Ouseburn's Spillers car park to permanently close overnight due to boy racers
A car park is being permanently closed overnight as part of efforts to crack down on boy racers.
The Spillers car park in Ouseburn, in Newcastle, will be closed at 10pm each night.
Local authority security officials have been going to the car park nightly for almost a year to install a barrier that blocks access to what used to be a 24/7 parking spot.
However, it had been a plagued by "significant anti-social behaviour" and was used by racing vehicles.
It will now be closed every night between 10pm and 6am.
A Newcastle City Council report said: “Spillers Car Park, like all other surface car parks the City Council operates, is formally open 24/7. However, due to significant anti-social behaviour, complaints from adjacent residents and request from Northumbria Police, we have been required to close the car park at 10pm each night and re-open the following day at 6am.
“The car park has unfortunately been the subject of sustained anti-social behaviour activity, including the speeding/racing of cars around the car park and surrounding area late into the evening.
“A range of interventions have taken place following multi-agency meetings with all relevant stakeholders including the police and the council’s community safety team.

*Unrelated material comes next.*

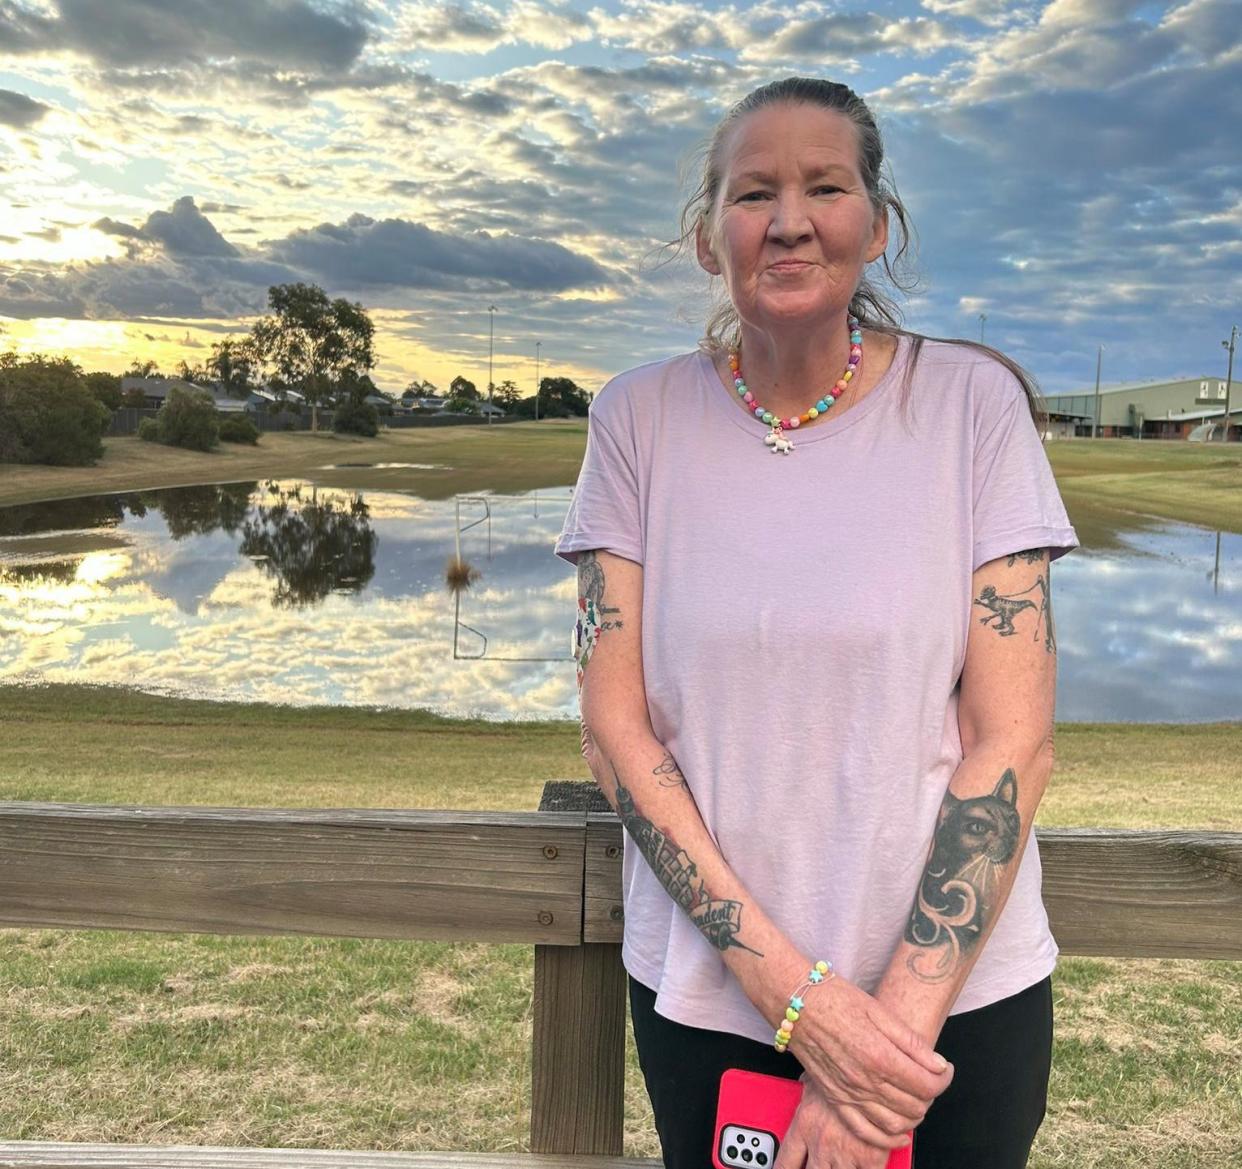 <span>Emma Bates was found dead in her home in Cobram, in Victoria's north, on Tuesday afternoon. John Torney has been charged with multiple counts of assault.</span><span>Photograph: Supplied by the family</span>

This includes increase staff patrols, the moving of the concrete rings to reduce the size of the car park and installation of CCTV.
“Whilst these initiatives have had some limited success, the issues continue. Following a request from the police, we have informally closed the car park at 10pm each night, with the installation of a physical barrier, with colleagues in security undertaking the arrangements of closing at 10pm daily and reopening at 6am. It should be noted that pedestrian access to the car park will remain 24 hours, but vehicles are unable to arrive or leave during the hours closed.
“Alternative parking provision is within the area which has later opening hours, including the Quayside MSCP which is open until midnight daily.”
Anyone who leaves their vehicle in the car park after the barrier is erected at 10pm can retrieve it before midnight – but will have to pay a £100 release fee to have security staff come back and lift the blockade.
The council said the extra cost of locking and reopening the car park every day, estimated at £4,745 per year, would “not be passed onto users of the car park."
In 2021, the local authority decided to introduce parking charges at the Spillers Wharf location for the first time – in order to stop it from being packed out by commuters looking for free parking close to the city centre.
The future of the car park is uncertain, with major redevelopment plans having emerged for the area.
While planning permission has expired for the controversial Whey Aye Wheel project, which would have seen Europe’s biggest observation wheel built at Spillers Wharf, there remain proposals to build housing on the riverside plot.